Когда другая сторона, однако, сухо отказалась рассматривать вопрос об установлении особых германо-английских отношений и принести им в жертву согласие с Францией, Гитлер оказался на переговорах в более трудном положении.
В какой-то момент показалось, что вся его идея союза, великая концепция, потерпела крах, но он оставался непреклонным. Только когда беседы последующего дня дали новый шанс, он использовал его для смелого блефа. На вопрос о нынешней силе немецких люфтваффе, который сэр Джон Саймон задал в ответ на требование немецкой стороны установить паритет в военной авиации, Гитлер после короткой паузы, вроде бы поколебавшись, ответил, что Германия уже достигла паритета с Англией. Это сообщение вызвало шок, другая сторона лишилась дара речи, какое-то время никто не произносил ни слова, как вспоминает один из участников, лица англичан выражали озадаченность, удивление и сомнение, но это был поворот. Теперь было понятно, почему Гитлер оттягивал переговоры до сообщения о создании люфтваффе и введении воинской повинности: простыми уговорами склонить Англию на свою сторону было невозможно, он мог придать вес своим предложениям только при помощи давления и угроз. Когда Гитлер непосредственно после этого тура переговоров вместе с Герингом, Риббентропом и некоторыми членами кабинета приехал на завтрак в английское посольство, хозяин дома сэр Эрик Фиппс выстроил в салоне приемов своих детей, которые приветствовали Гитлера вытянутыми в фашистском приветствии ручонками и смущенным «Хайль!»[22] .
В любом случае англичане были под сильным впечатлением от услышанного, и хотя еще раз представилась возможность изолировать Гитлера, когда Совет Лиги наций 17 апреля осудил нарушение Версальского договора Германией, и Франция вскоре после этого заключила договор о союзе с СССР, они соблюдали оговоренные в Берлине сроки переговоров о морском договоре. Судя по всему, Гитлер уже в этом разглядел кардинальное признание слабости, которое он собирался теперь использовать. Он дал указание своему специальному уполномоченному Риббентропу начать беседу в Форин оффис 4 июня ультимативным требованием принять соотношение сил на море как 35: 100; это не просто немецкое предложение, а непоколебимое решение фюрера, принятие которого является непреложной предпосылкой начала переговоров. Побагровев от гнева, Саймон одернул главу немецкой делегации и покинул затем помещение, но Риббентроп упорно настаивал на своем условии. Претенциозный и ограниченный, он явно не чувствовал, каким афронтом для другой стороны были выдвинутые им сразу в начале переговоров требования согласиться с тем, что она совсем недавно осудила в «Белой книге», потом в ноте протеста в связи с восстановлением всеобщей воинской повинности, затем в Стрезе и только что в Совете Лиги наций. Все возражения Риббентроп, пользуясь любимым словом его заключительного доклада, «категорически» отметал, он говорил об «историческом немецком предложении», назвал срок союза просто-напросто «вечным», а на соответствующее возражение ответил, что все равно, когда обсуждать трудные вопросы – в начале или в конце[23] . Кончилось дело тем, что участники бесед безрезультатно разошлись.

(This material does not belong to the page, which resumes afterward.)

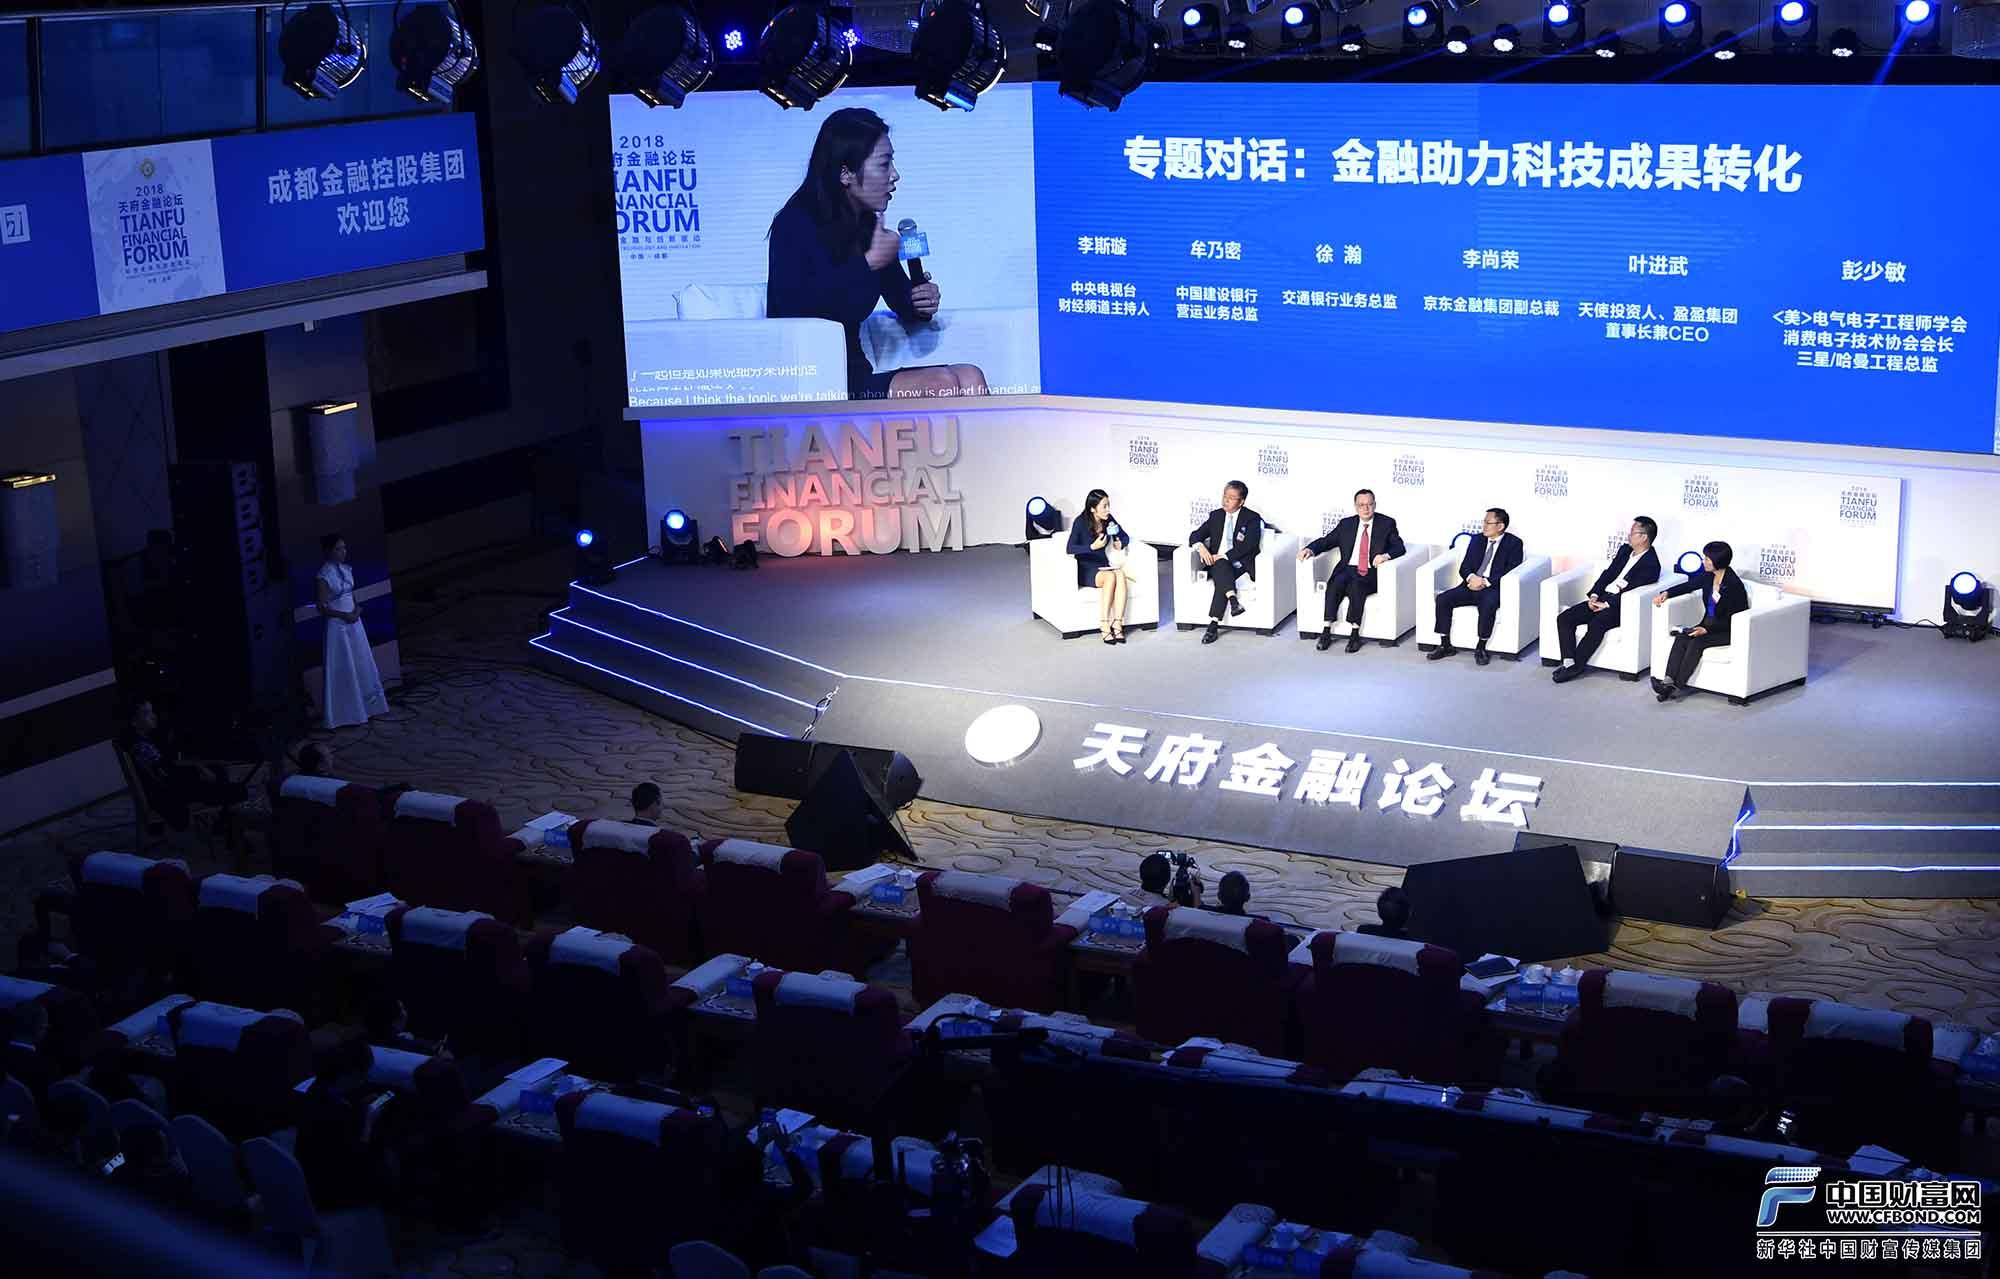 天府金融论坛专题对话:金融助力科技成果转化

Тем сильнее было удивление, когда двумя днями позже англичане попросили о новой встрече, которую они начали заявлением, что британское правительство решило принять требования рейхсканцлера за основу дальнейших переговоров между двумя странами о флотах. И как будто те особые доверительные отношения с Англией, которых добивался Гитлер, уже стали налаживаться, Саймон со сдержанным жестом сообщника сказал, что надо всего лишь переждать несколько дней, «считаясь особенно с положением во Франции, где позиции правительства, к сожалению, не столь стабильны, как в Германии и Англии»[24] .
Когда несколькими днями позже переговоры по согласованию текста договора, который не представлял больше проблем, были завершены, днем подписания избрали – не без чувства символики – 18 июня, день, когда 120 лет тому назад британцы и пруссаки победили французов у Ватерлоо. Риббентроп вернулся в Германию великим государственным деятелем, «еще более великим, чем Бисмарк», как заметил позже Гитлер. Сам Гитлер назвал этот день «самым счастливым в своей жизни»[25] .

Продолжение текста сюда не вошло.